To me, love can be caring about what your loved one cares about. Ask them how their life is going, listen, just listen. WHen they have told you and they are finished telling you, then make sure they know that you listened, that you heard and then tell them you are proud of them, or you think they made some right choices (if they did). If you don't agree with how they handled something, ask them how they feel about how their contribution to the event went. Or you might want to tell them that you think they should have handled it differently, and ask them how they think they could have handled it better, so that when other things come up in their life that are similar, they will have a better handle of them.

Ask your loved one what they want to do today. When they tell you and you think you could join in on that, tell them that you would like to come along or that you would like to hear about how it went, if it is something you cannot participate in or don't want to participate in.

Be interested in their life. Tell them about similar experiences you have had. Tell them about your day.

Bring them flowers, give them a gift of some kind, or hug them. (And just hug them, nothing more).

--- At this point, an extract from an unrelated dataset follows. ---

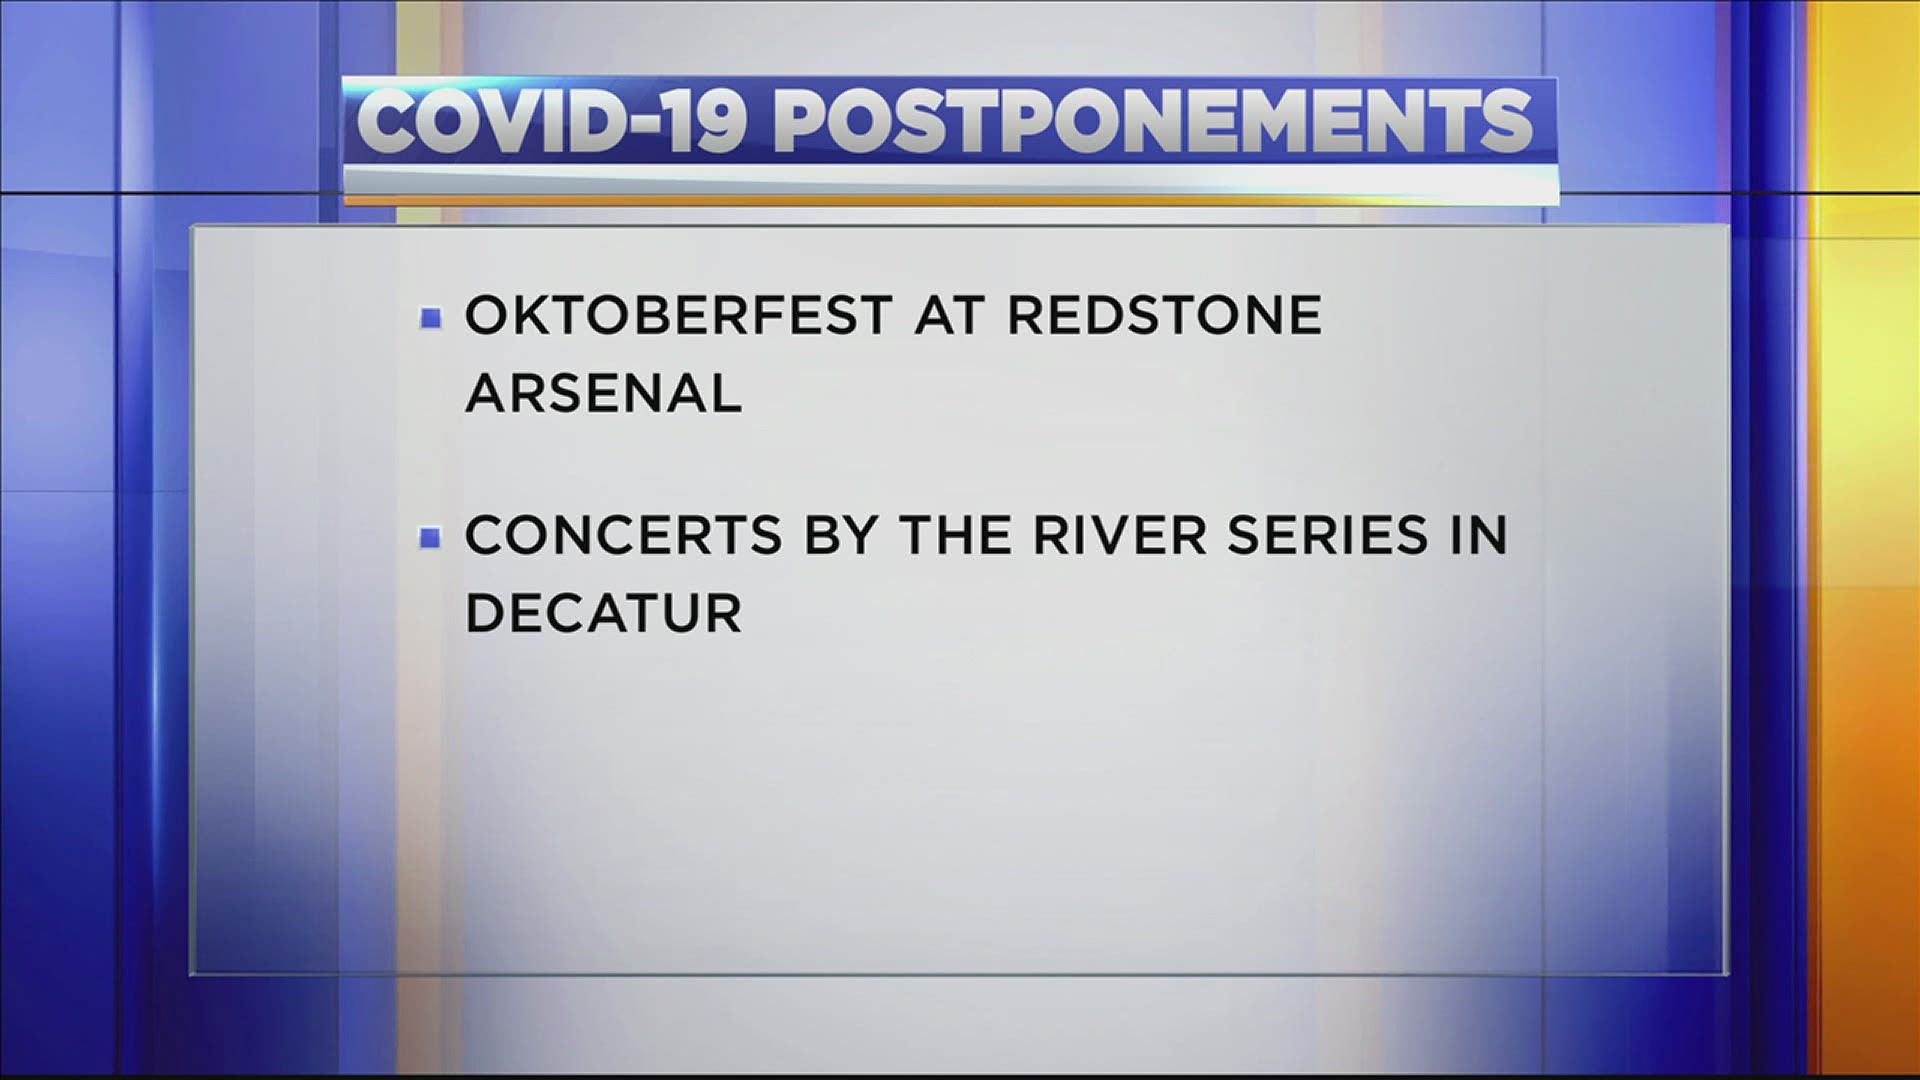 The popular concert series has been postponed due to COVID-19 concerns.

Cook dinner for them. Send them to work with something they like to eat. Use your imagination on this kind of thing.

I hope this helps.
 
Oh, and there is one other thing that you can do that is an act of Love, and that is to pray for the person every day. Pray for good things to happen for them and with them. I pray for a whole bunch of folks every day. I even set an alarm on my cell phone that rings every day at one thirty in the afternoon, and I make that my special time each day to pray for all my loved ones. I also let them know I am praying for their wellbeing if I know they would appreciate it.
 
I had an experience yesterday that I felt was appropriate to this thread too. A dear friend of mine is going to have surgery on her knee soon, and during her convalescence she will be incapacitated. I told her that I would be more than happy to help her with anything during that time period. I know she hates doing dishes. I will offer to do them for her too, until she is well enough to do them by herself again.

Just these kinds of little things, when added up over a lifetime of friendship, are expressions of love too.